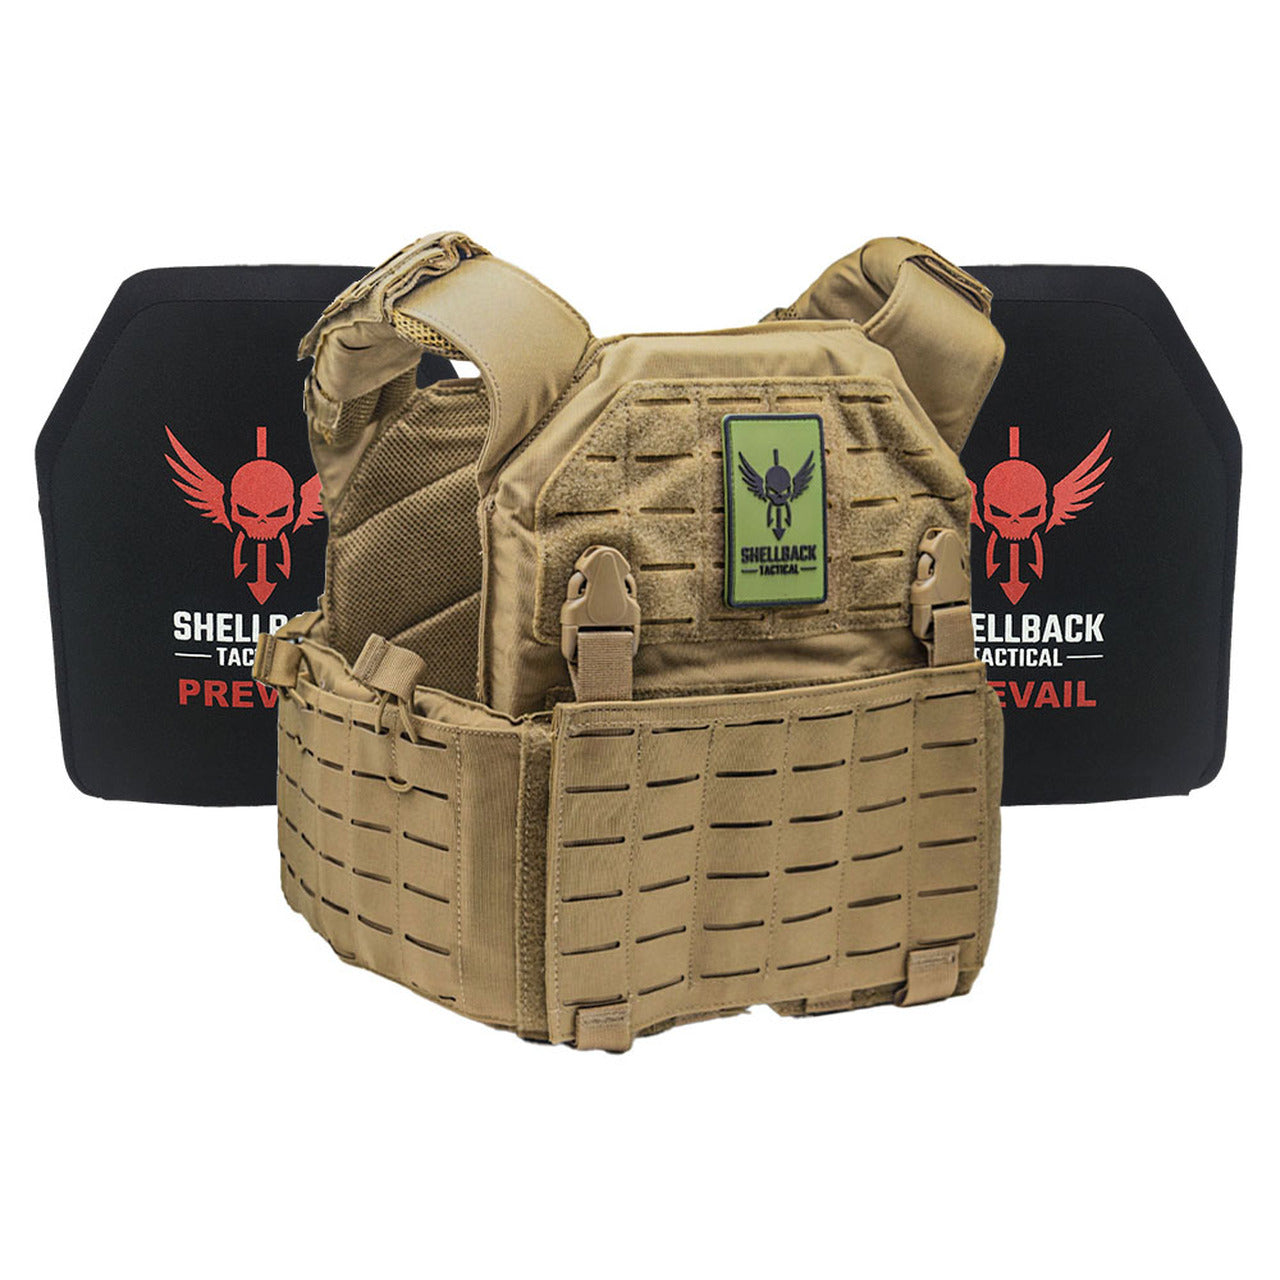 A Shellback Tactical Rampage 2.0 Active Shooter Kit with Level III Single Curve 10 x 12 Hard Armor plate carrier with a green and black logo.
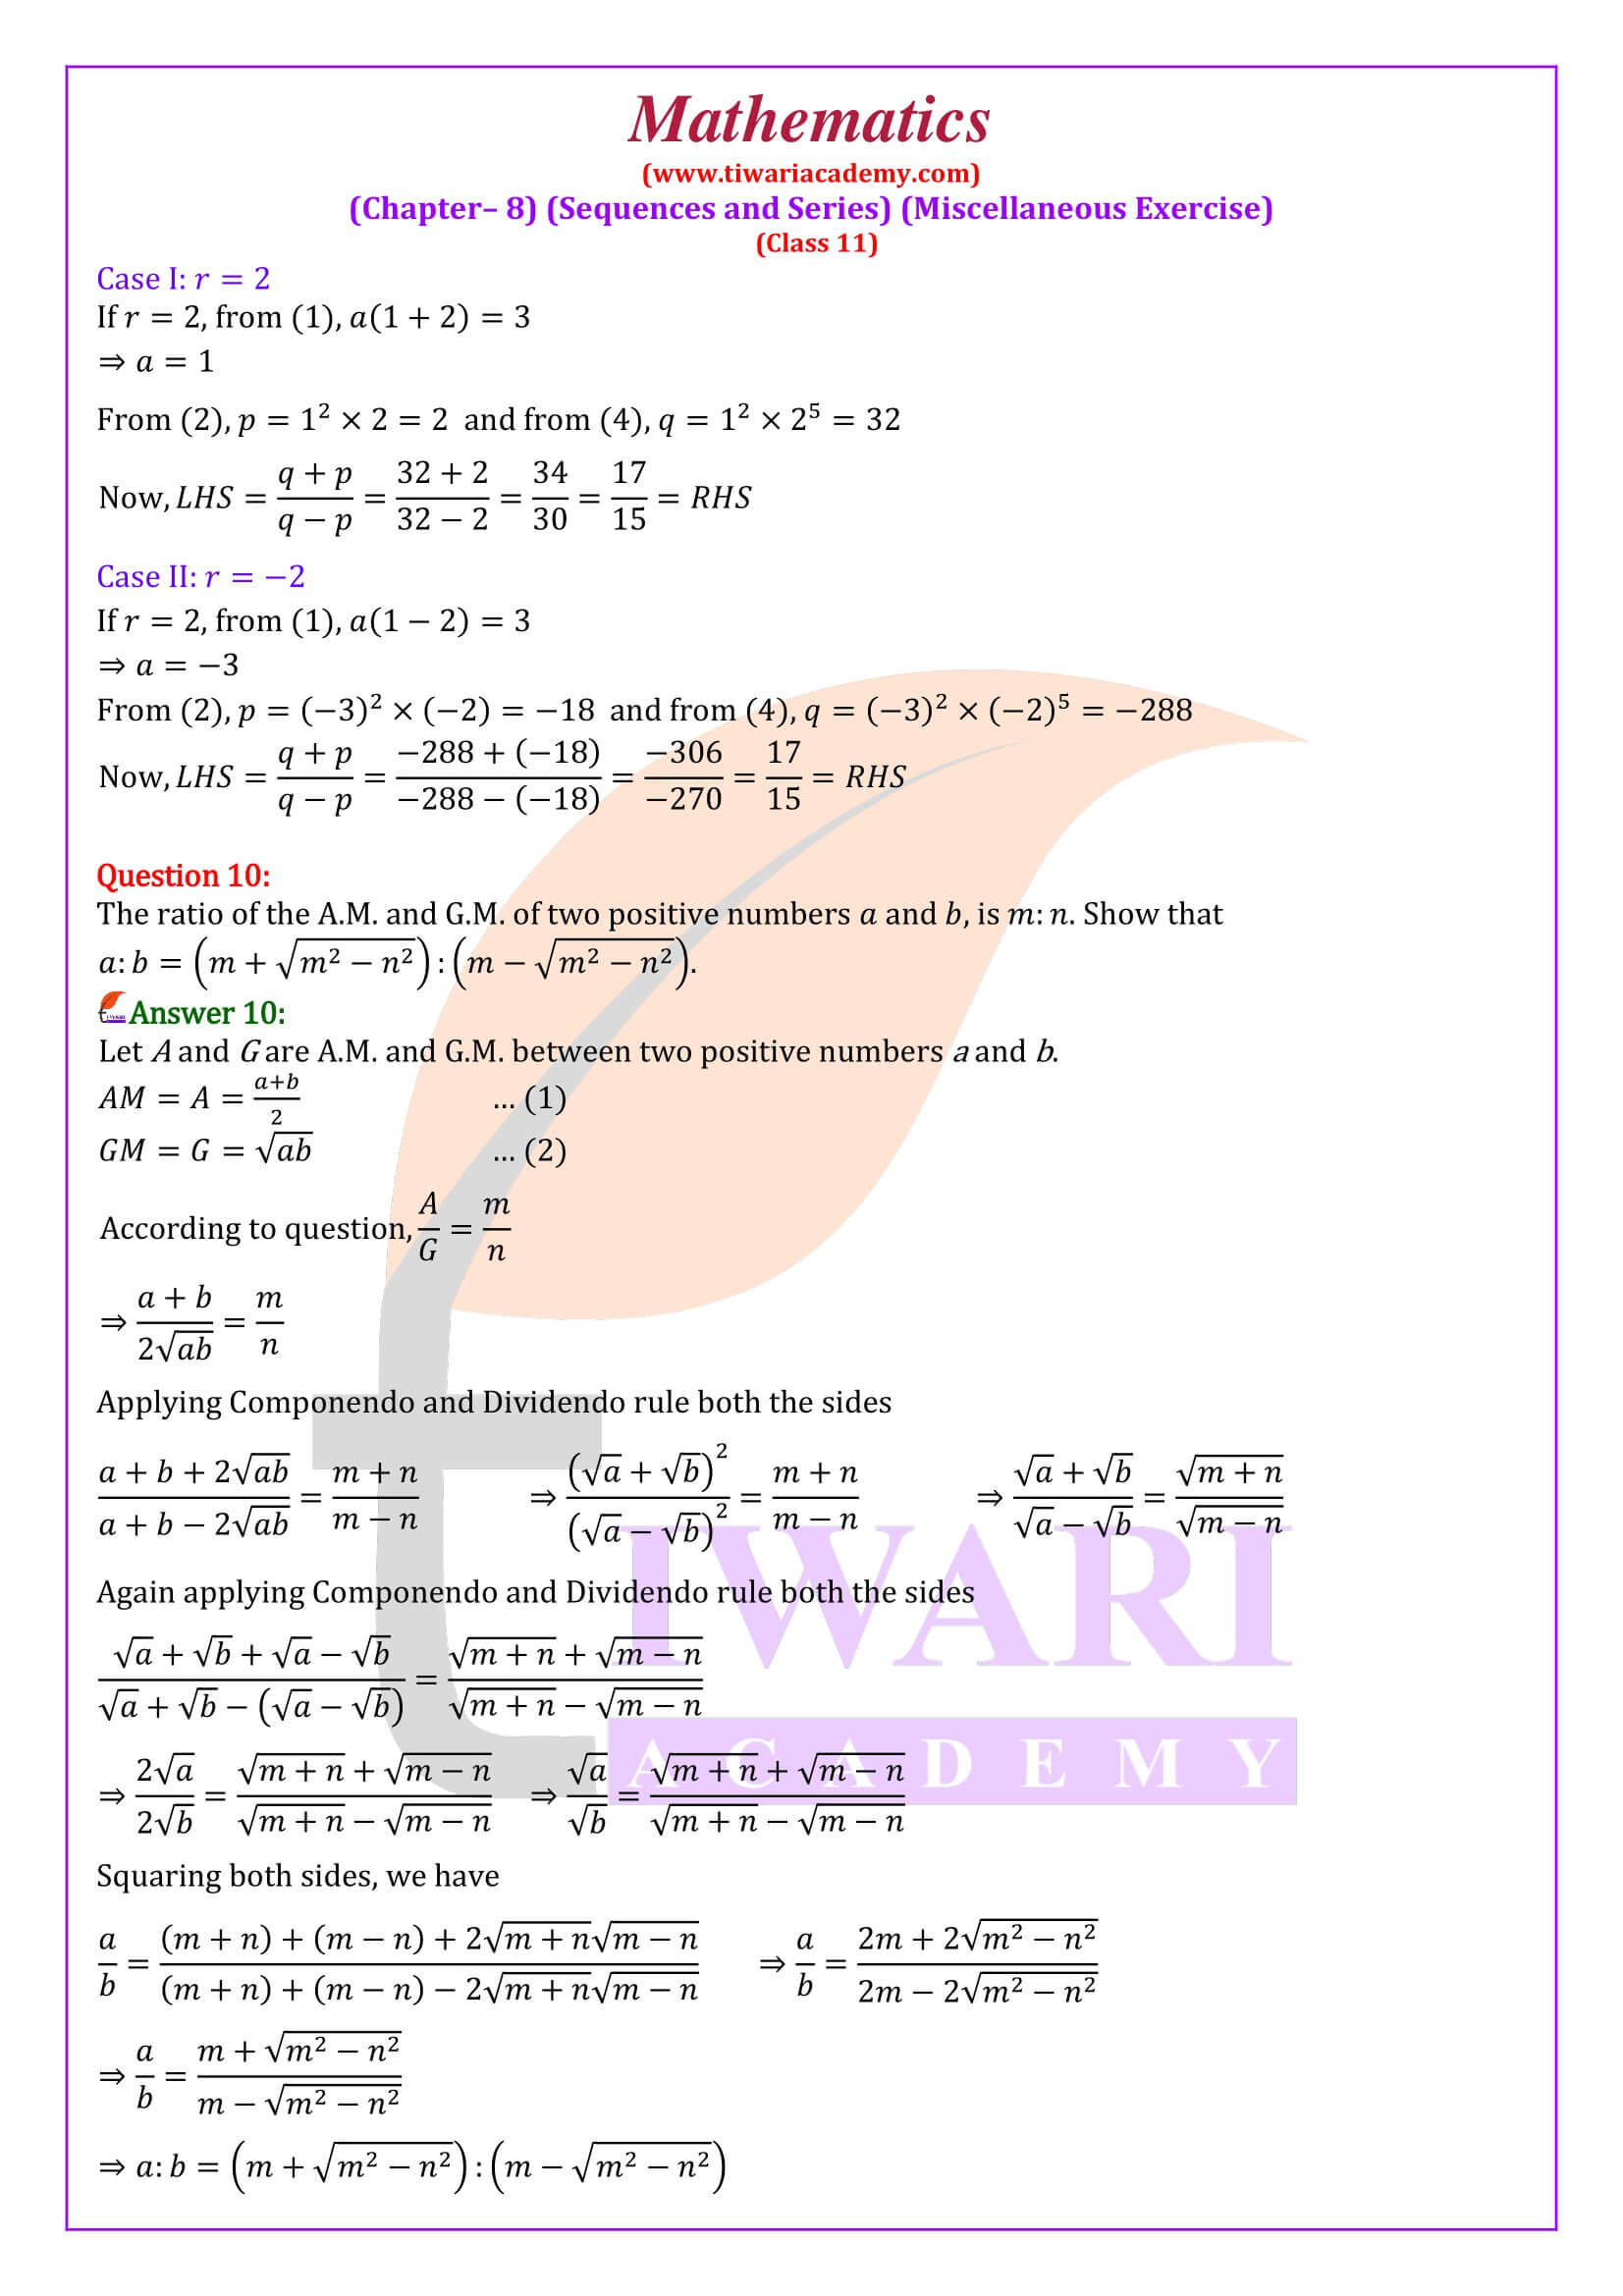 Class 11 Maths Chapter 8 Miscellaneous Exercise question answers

++++++++

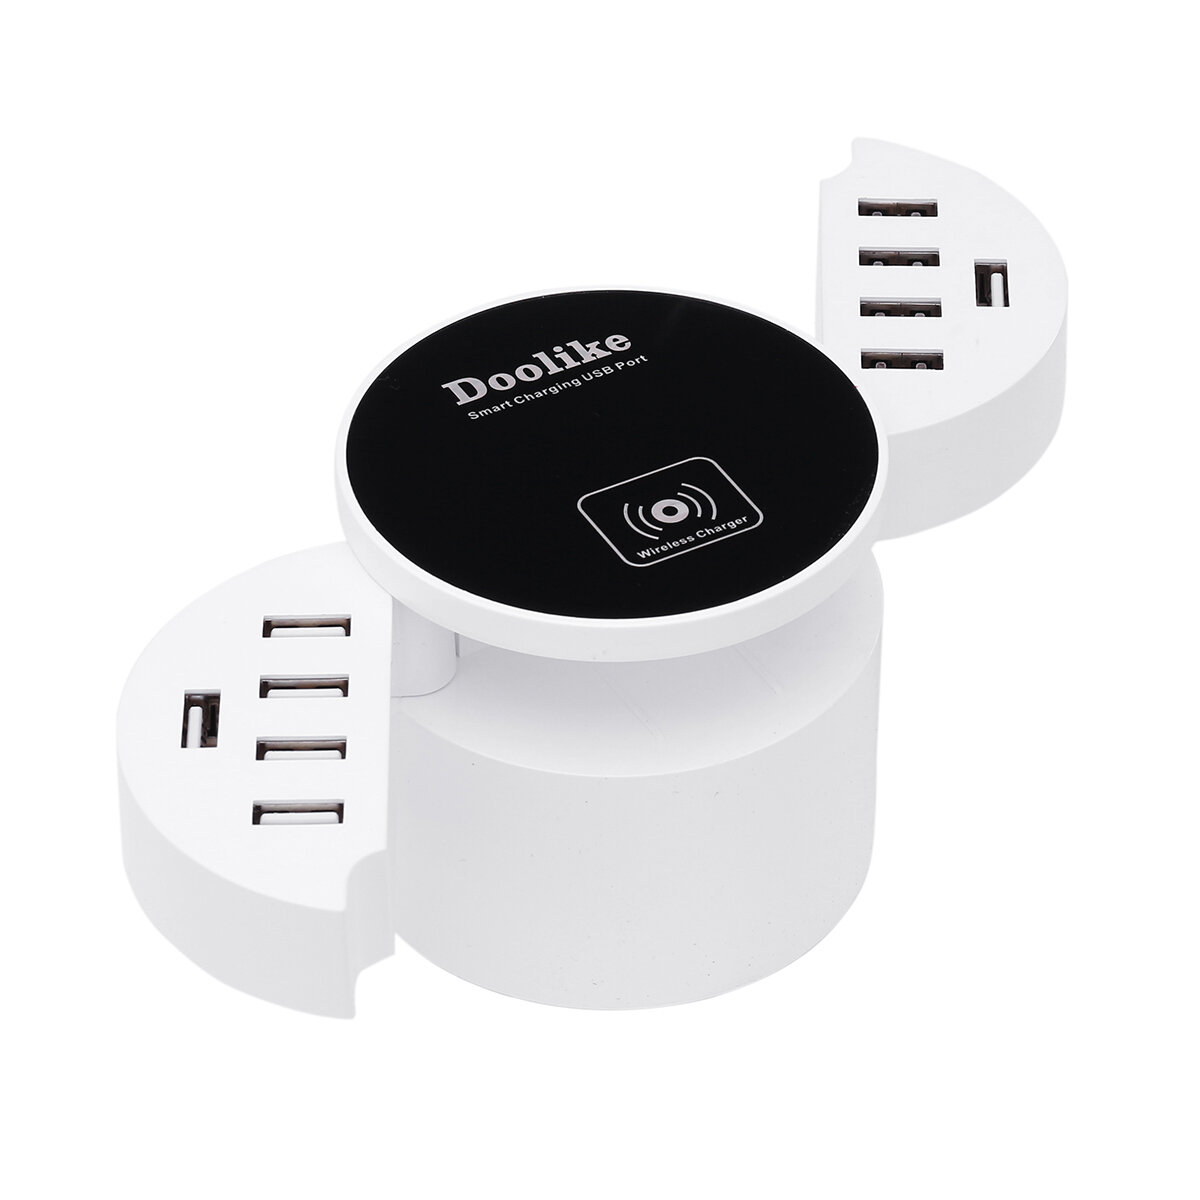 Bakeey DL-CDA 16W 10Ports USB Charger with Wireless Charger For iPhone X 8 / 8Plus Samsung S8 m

++++++++

> **Task instructions**
Only the lines above from the one with "A Shellback Tactical" to the one with "Class 11 Maths" should be printed, both included and exactly as written; no picture belongs in the copy.

> **Solution to this problem**
 A Shellback Tactical Rampage 2.0 Active Shooter Kit with Level III Single Curve 10 x 12 Hard Armor plate carrier with a green and black logo.
 Class 11 Maths Chapter 8 Miscellaneous Exercise question answers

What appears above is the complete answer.